Como el algoritmo comparte la naturaleza de la vida, cualquier enunciado sobre un singular que se introduzca en la red tiene mayor probabilidad de volver a ella. Cambiar la valoración de una sentencia tiene todo el aspecto de ser irreversible. Si alguien pide un destino bonito de turismo, y aquella sentencia ya está emitida, habrá muy poca posibilidad de que “el pueblo más feo” pueda aparecer. Al menos por el momento. Nuestra inquietud y fastidio promueve incondicionalmente el turismo y cuando se acaben los destinos convencionales, quizá los más feos se pongan de moda.

Resulta claro que entre el algoritmo y el singular seguirá existiendo un abismo infinito. La desconsideración le es interna a su existencia. En realidad, el algoritmo es la última manifestación de la sociedad de masas y no sé cómo no se ponen en circulación los argumentos de los críticos de esa sociedad -como Ortega- para denostar la sociedad de masas actual. El algoritmo es el triunfo de la rebelión de las masas y amenaza con apagar la voz del singular en su derecho a ser él mismo. La capacidad del algoritmo para reconocer el singular es tan escasa como la del ornitorrinco para volar.

Lo he visto personalmente. Amazon me envía libros que quizá puedan interesarme. Ha visto mis compras en Google en los últimos meses y se siente muy feliz de ofrecerme en mi cuenta el libro “Giorgio Agamben, Justicia Viva”. Claro que el libro puede interesarme. Lo he escrito yo. El algoritmo de Amazon puede detectar que cierto producto puede ser objeto de consumo por mi parte, pero no está en condiciones de darse cuenta de que ese objeto es algo que he producido yo. Sólo me reconoce en mi papel de consumidor, pero no en mi condición de autor. Mi nombre en la cuenta de Amazon no coincide con mi nombre como autor. Sólo coincide con el asociado a una tarjeta VISA. No es considerado.

Hace un tiempo, algunos teóricos demasiados pendientes de la novedad, como Antonio Negri, anunciaron que la nueva tecnología de uso individual, mediante el ordenador, transformaría la forma de trabajo y acabaría con la explotación. Puesto que el trabajo sería volcado a la red y tendría un uso común, cumpliría el pronóstico marxista del trabajo emancipado. Nadie se apropiaría de él. Así, el desarrollo pleno del capitalismo llevaría a la superación del capitalismo. La vieja profecía de Marx quedaría cumplida. Hoy vemos hasta qué punto los dogmas teóricos son ridículos cuando pretenden iluminar contextos históricos muy diferentes de aquellos que los vieron nacer. La IA no solo se apropia de nuestro trabajo. Se apropia de nuestra vida. Y lo usa todo en beneficio de los cinco o seis propietarios de las grandes máquinas que la manejan.
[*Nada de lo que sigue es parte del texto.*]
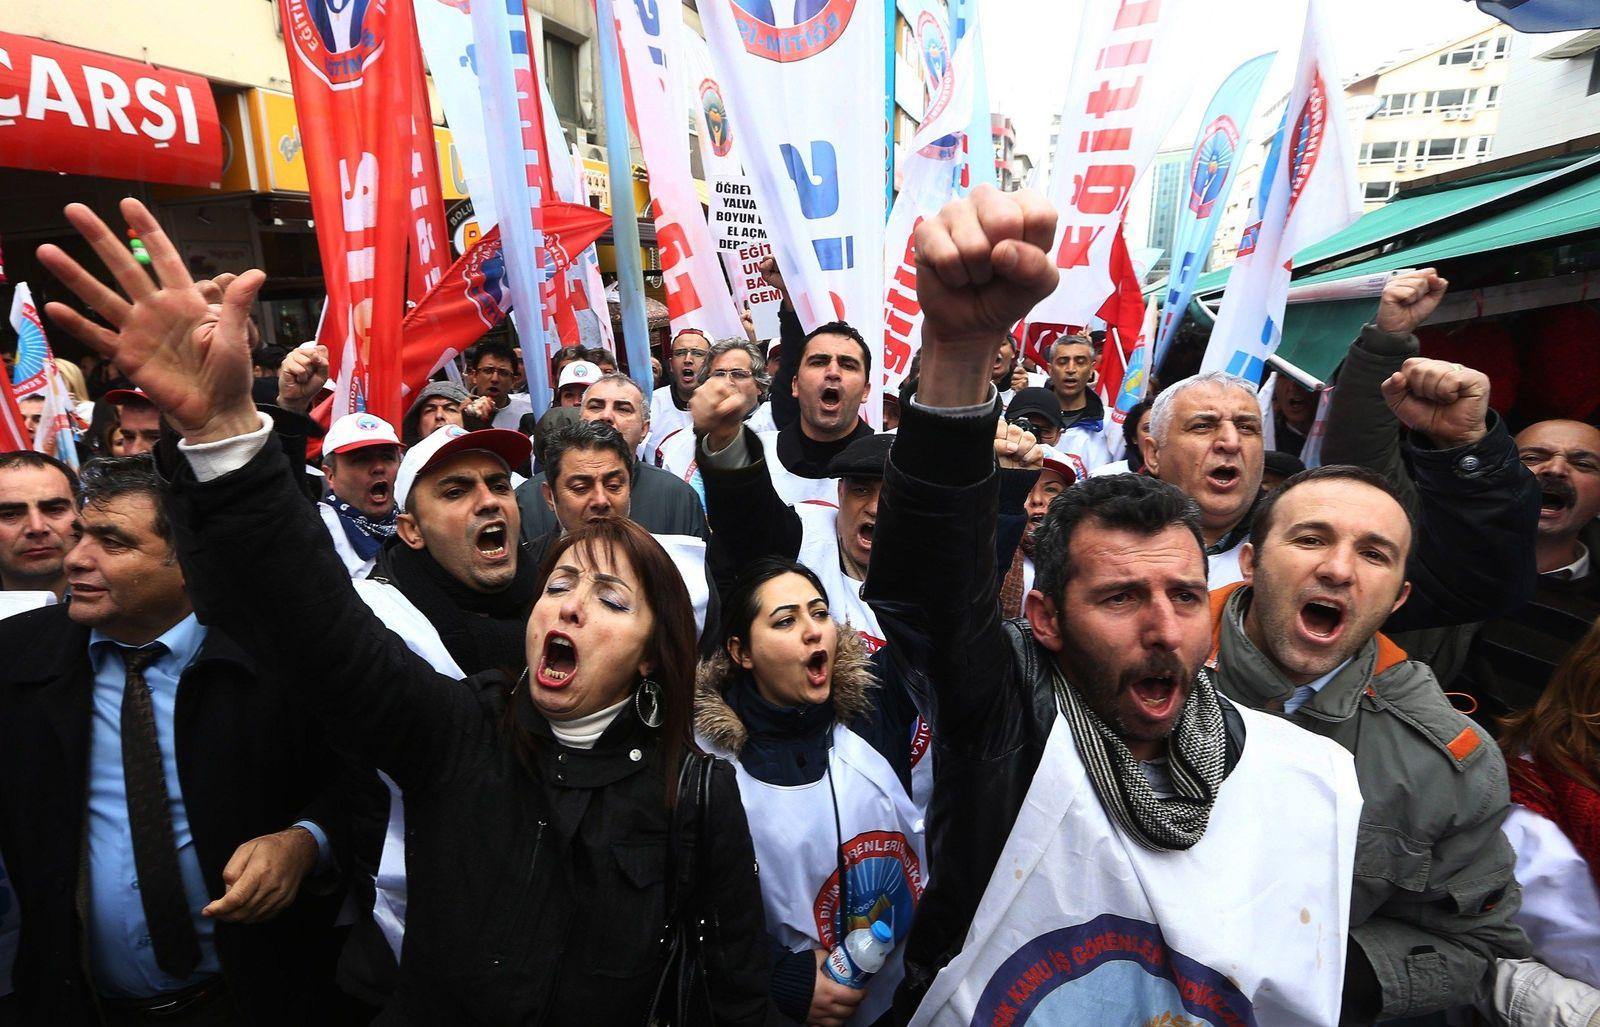 Türkei / Proteste gegen Regierung
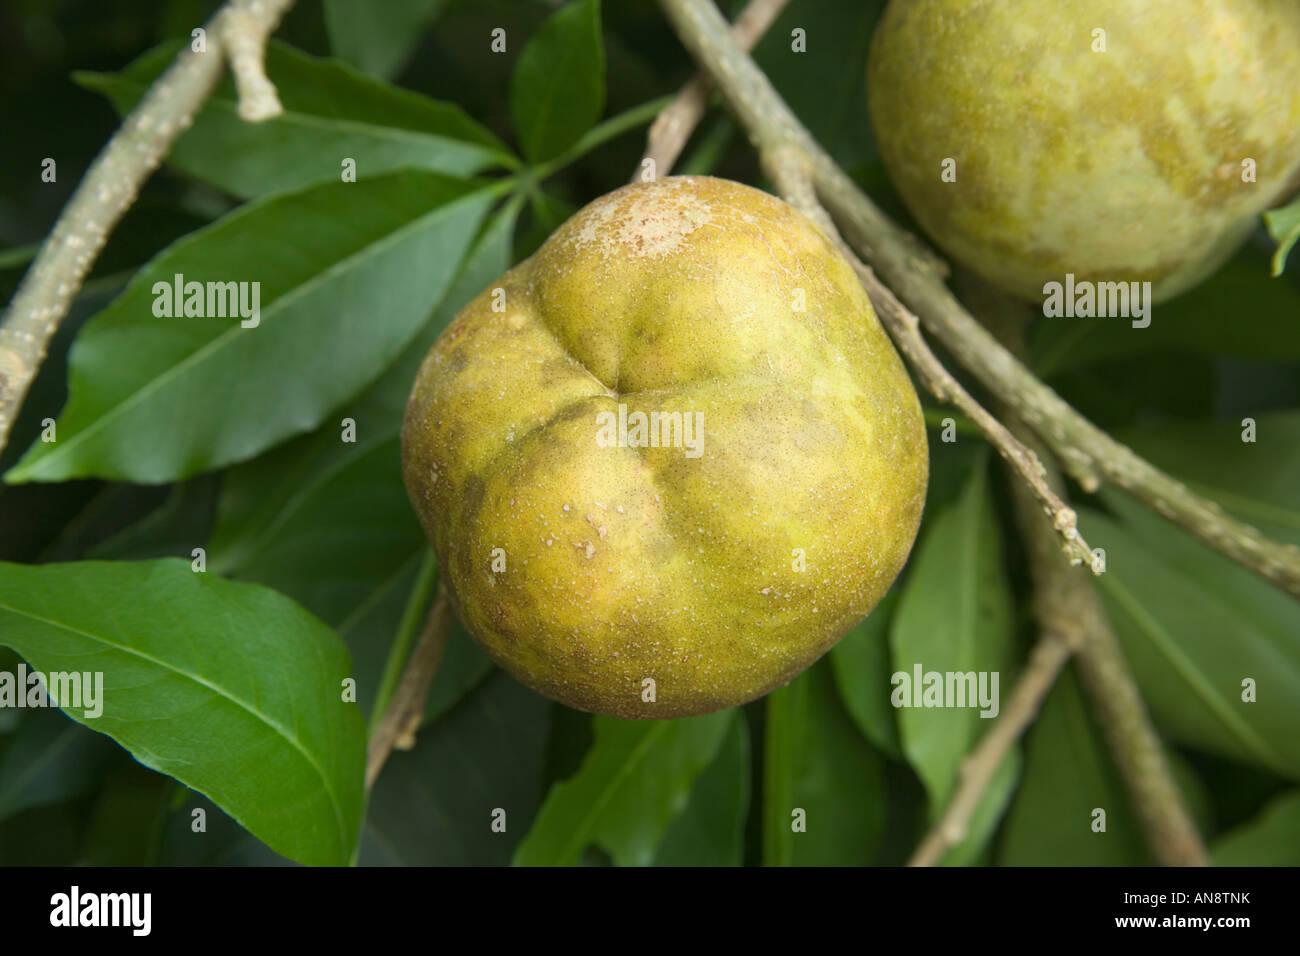 Weiße Sapote Obstbau auf Ast. Stockbild

Lejos de ser la culminación del trabajo emancipado, la AI se ha elevado así a una forma de trabajo maquinal que necesita usurpar el trabajo vivo y creativo de la humanidad entera. Y todo para ofrecernos resultados sin vida cuya aspiración ultima es convencernos de que nuestra propia inteligencia es un resto arcaico, un órgano vestigial, algo así como el apéndice o la vesícula biliar, dado que en esa máquina disponemos de todo lo que tenemos que saber y comprender del mundo, incluso del último de nuestros caprichos como, por ejemplo, saber cuál es el pueblo más feo del mundo.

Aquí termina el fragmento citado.